L’annonce à Joseph, vous le savez, complète l’Annonciation que l’on entend chez St Luc. Chez Luc, la douceur et la pleine joie sont spécialement au rendez-vous, dans un échange entre le ciel et la terre. Marie, nous dit saint Luc, fut bouleversée, puis elle pose une question, puis elle accueille, puis elle répond par une action de grâce et puis par un acte de liberté : « qu’il me soit fait selon ta parole ».
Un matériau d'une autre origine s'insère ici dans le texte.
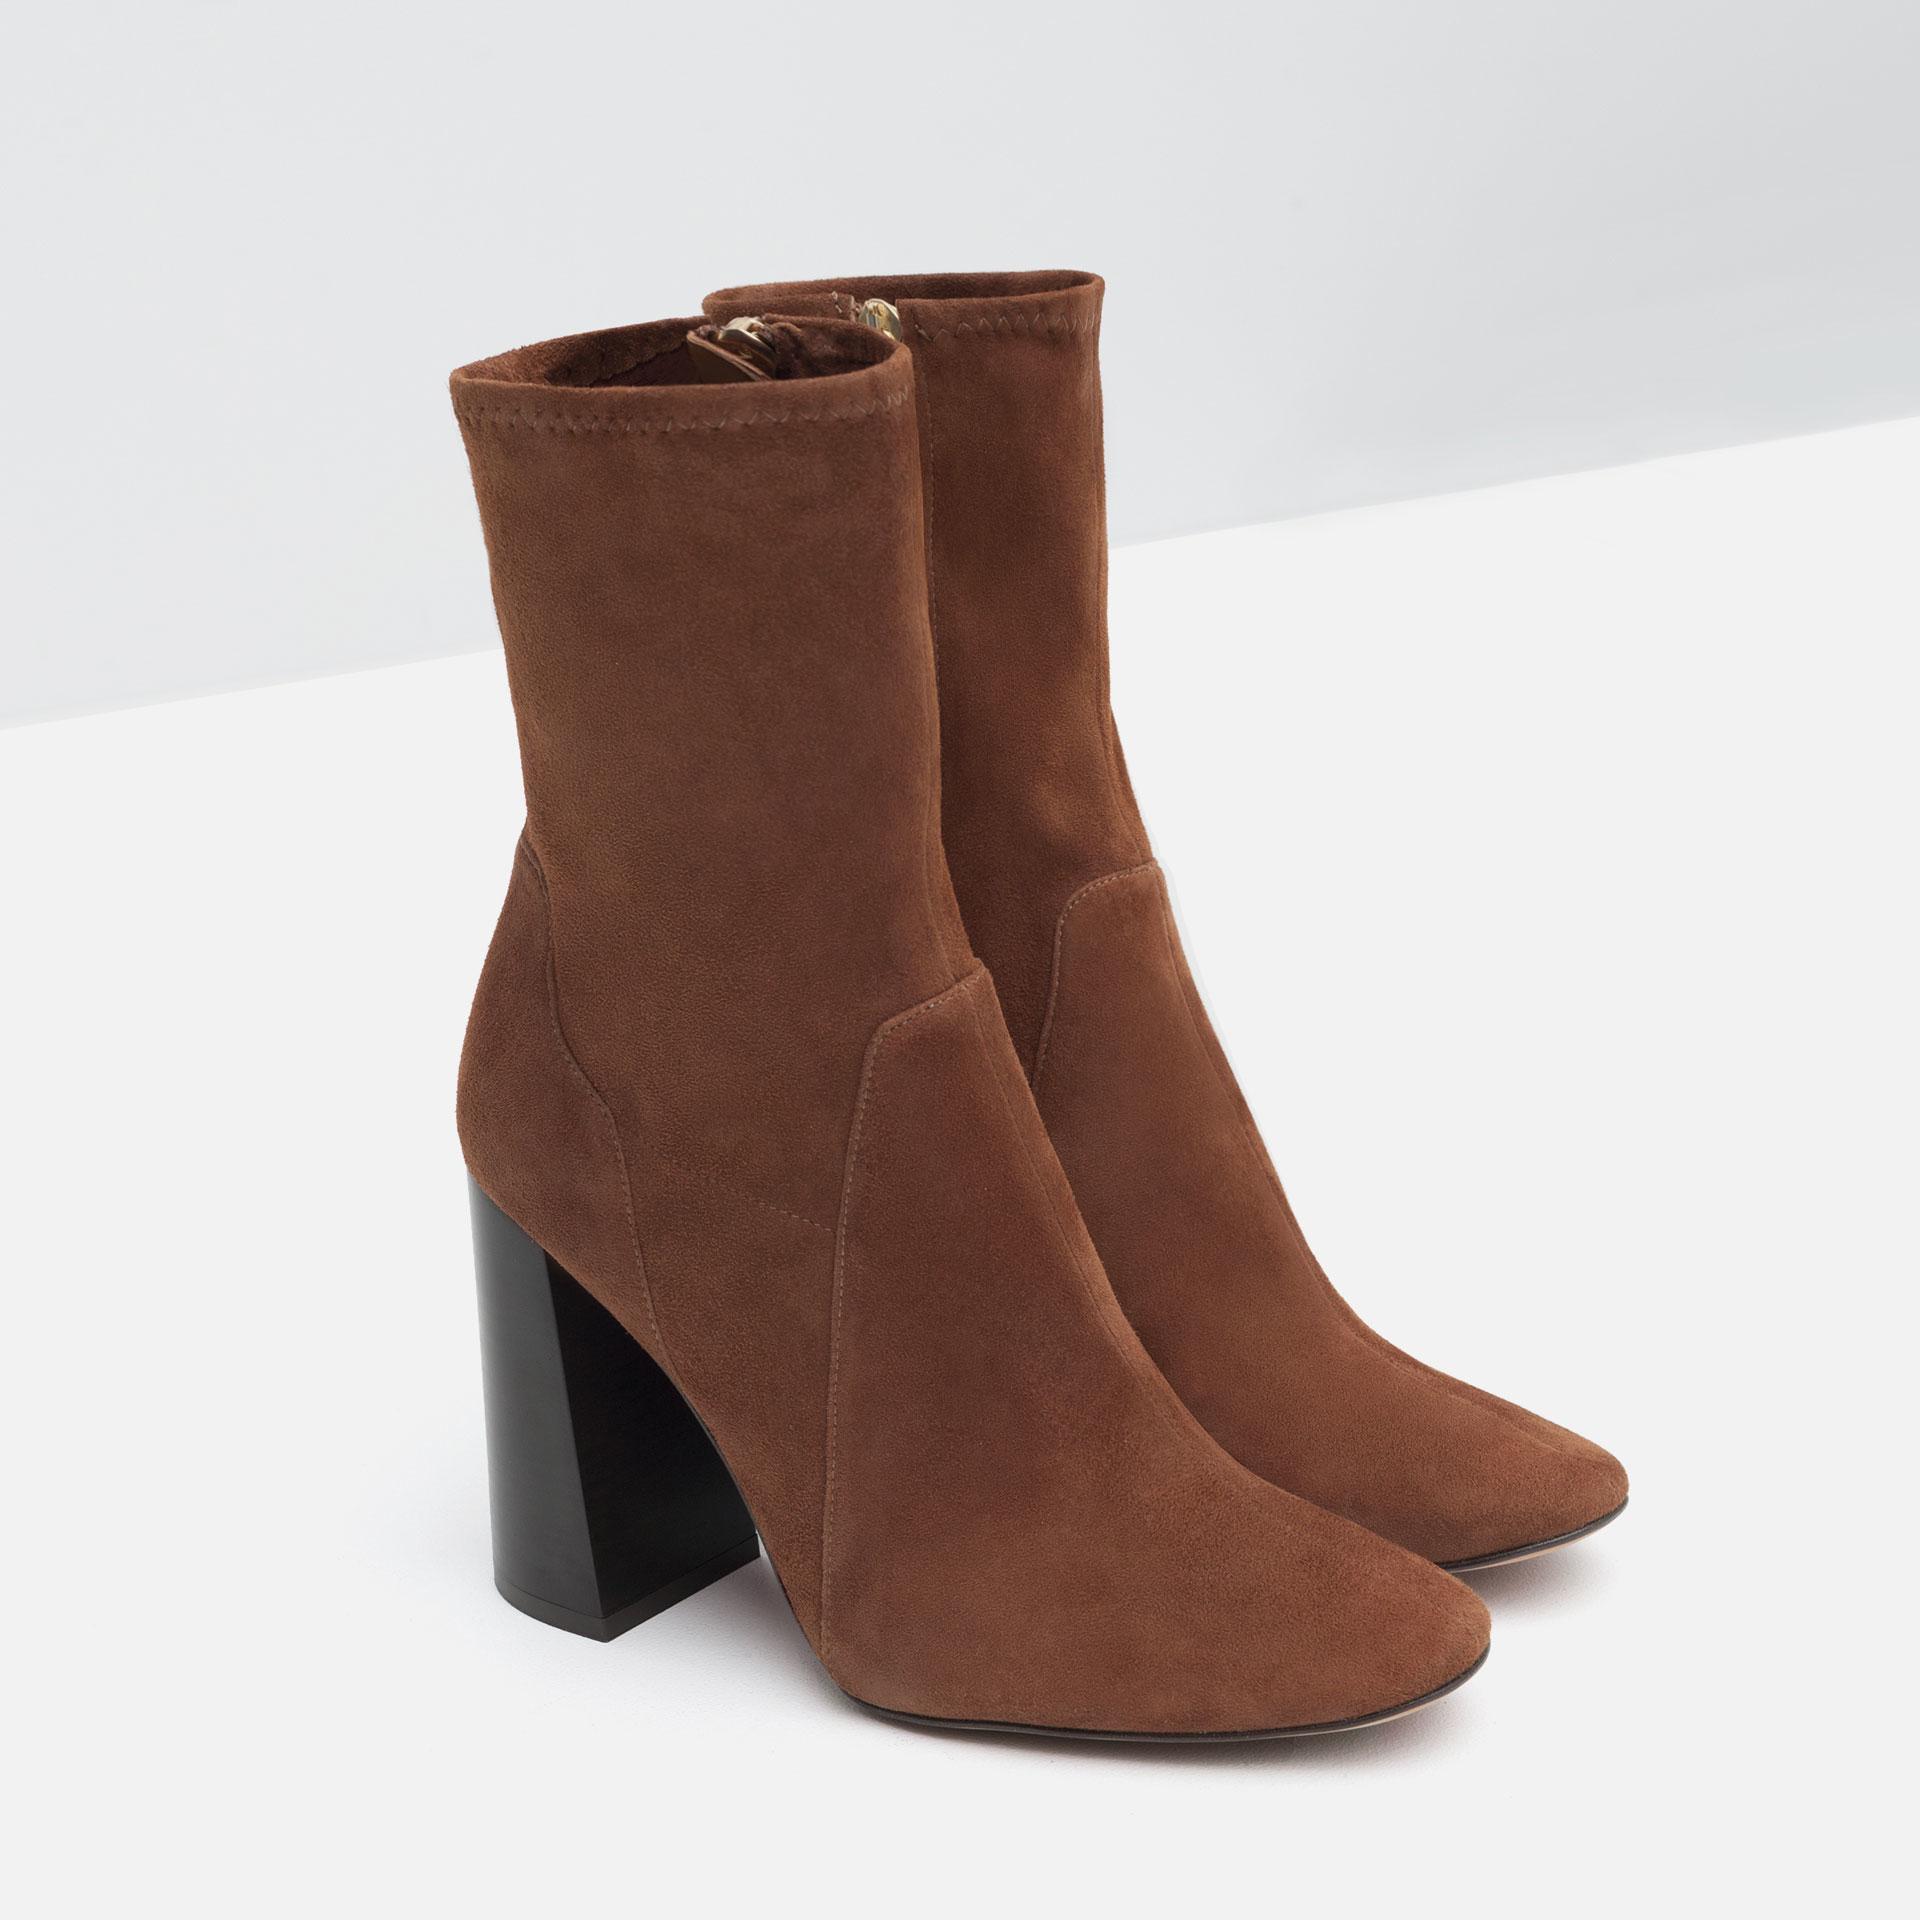 zara high heel suede ankle boots in brown lyst. Black Bedroom Furniture Sets. Home Design Ideas

Le « réjouis toi de l’ange », son « ne crains pas », a entraîné un acte de foi en Marie telle que la tradition théologique a pu dire que Marie a dit oui à l’ange « au nom de toute l’humanité ». Ce qui est peut-être une définition de la liberté la plus belle qui soit : non pas se trouver autonome et délié de toutes contraintes. La liberté serait de se reconnaître en communion avec toute la création et agir en fonction de cette relation universelle. Dire oui à la vocation de Dieu au nom de l’humanité. C’est peut-être le sens de la quatrième semaine de l’Avent : faire grandir en nous une connexion avec toute l’humanité, avec l’univers entier, appelé dans quelques jours à chanter le gloria des anges, eux qui promettent la paix aux hommes de bonne volonté ! Il est temps de sentir cette confiance qui a été instillée en nous pendant ces semaines d’Avent. Aucune raison de connaître la peur, au fond, laissons-nous apprivoiser par la douceur d’un enfant. Ne lui faisons pas peur. On l’appelle le Prince de Paix. Abandon. Contemplation.